Yesterday, SolarCity Corp (NASDAQ:SCTY) announced it had raised $305 million in cash equity financing. In doing so, the solar panel installer has been able to monetize a portion of future cash flows from a 230 MW portfolio of solar assets. Additionally, the transaction brings into the mix an 18-year loan syndicated to five institutional investors.
Baird analyst Ben Kallo provides his perspective, noting, “Importantly, this is the second time SolarCity has monetized cash flows in recent months and we estimate the company has achieved a lower rate.”

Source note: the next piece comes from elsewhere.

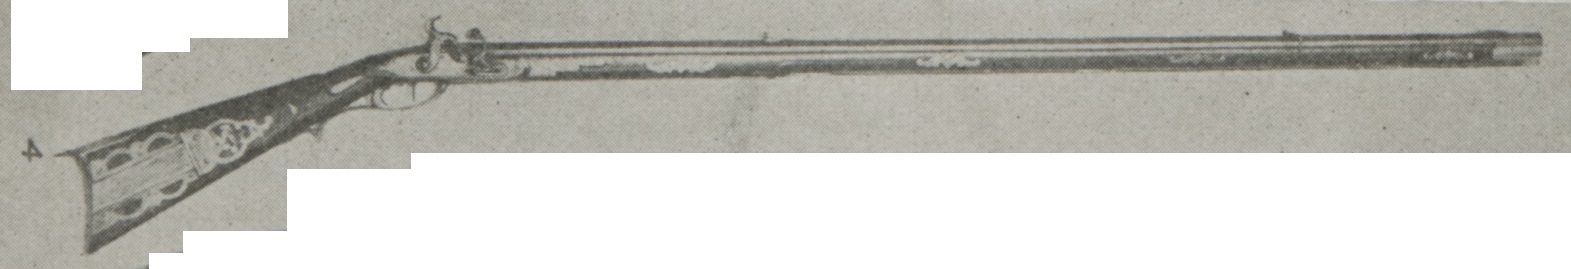 This is a 1921 halftone image of a silver-mounted rifle that is marked 'Jacob Ruslin'. It is believed to have been made by Samuel Spangler, a gunsmith who worked in Somerset County, Pennsylvania before moving to Wisconsin.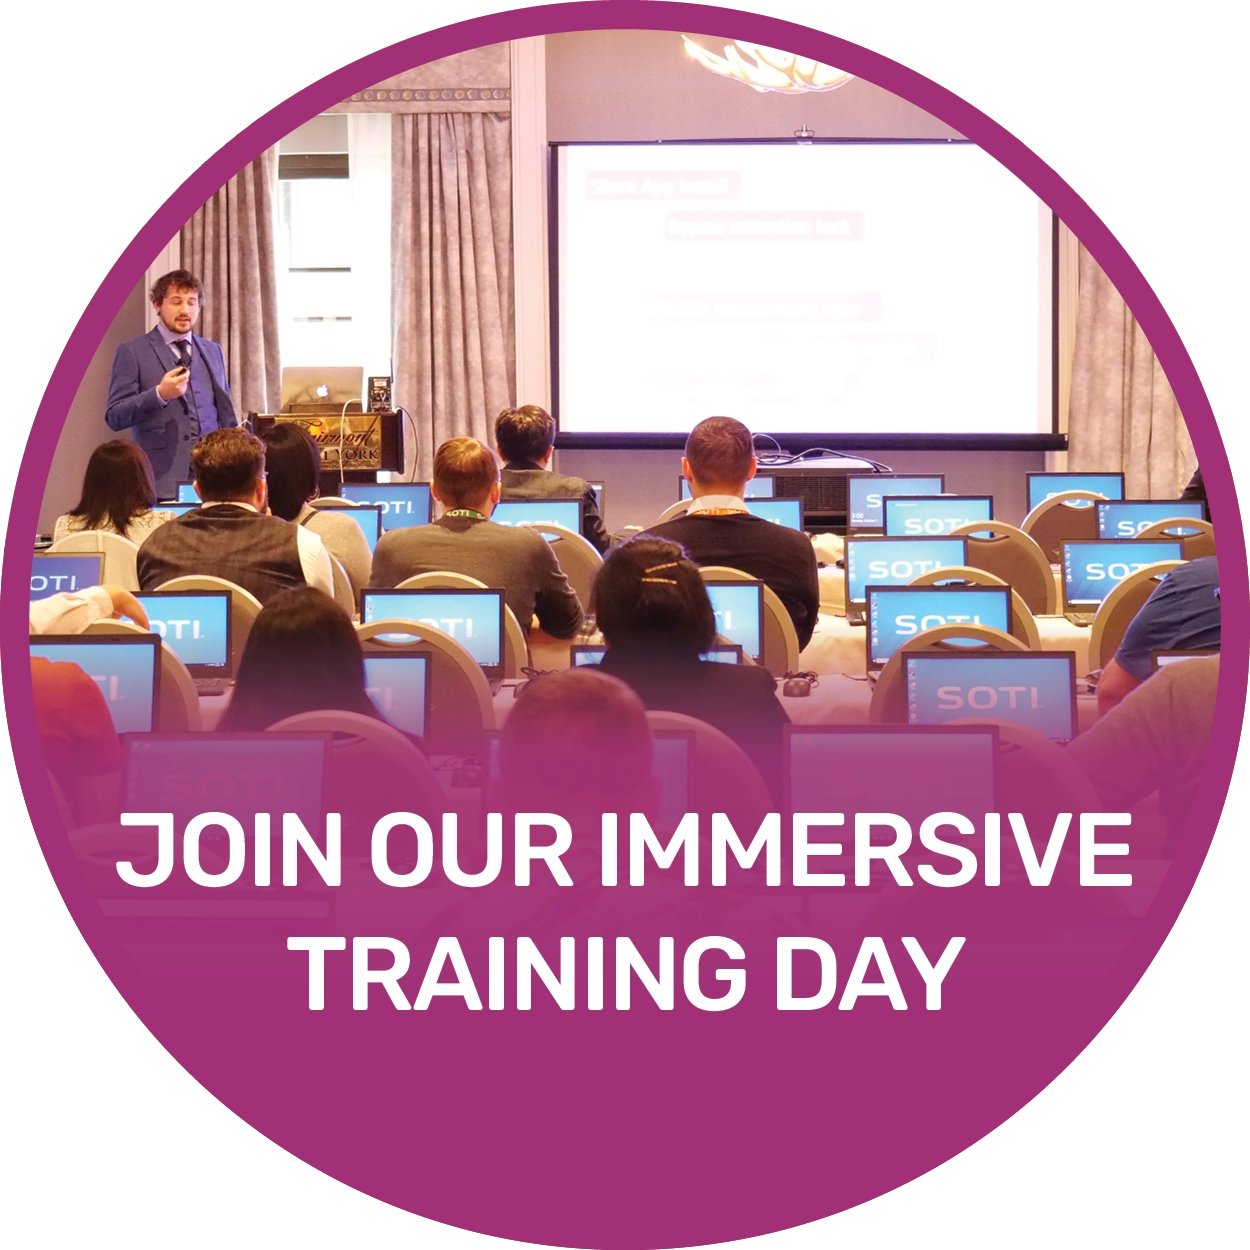 Join our immersive training day

Kallo explains that this “transaction dispels [the] notion that newer installations cannot be monetized. The monetization of assets built in 2015 and 2016 is a positive sign for the company, which faced scrutiny over whether its newer projects could be profitably deployed. We believe the company will continue to make similar cash equity deals to monetize its portfolio of assets.”
The transaction should also serve to bolster shareholder confidence and show that SCTY has better prospects long-term if it can be self-funding.
“While the TSLA transaction still is outstanding, this should help ease TSLA shareholders’ concerns regarding SCTY’s cash needs when/if the transaction closes,” he concludes.
Over time, Kallo anticipates more strategic partnerships to develop, especially as investors “continue to acclimate to renewable energy projects.”
The analyst reiterates a Neutral rating on shares of SCTY with a $25 price target, which represents a nearly 47% upside from where the stock is currently trading.
As usual, we recommend taking analyst notes with a grain of salt. According to TipRanks, two-star analyst Ben Kallo is ranked #2,771 out of 4,163 analysts. Kallo has a 42% success rate and earns 0% in his yearly returns. When recommending SCTY, Kallo loses 12.5% in average profits on the stock.
TipRanks analytics exhibit SCTY as a Hold. Based on 13 analysts polled in the last 3 months, 11 maintain a Hold on SCTY, while 2 issue a Sell. The consensus price target stands at $22.42, marking a 31% upside from where the shares last closed.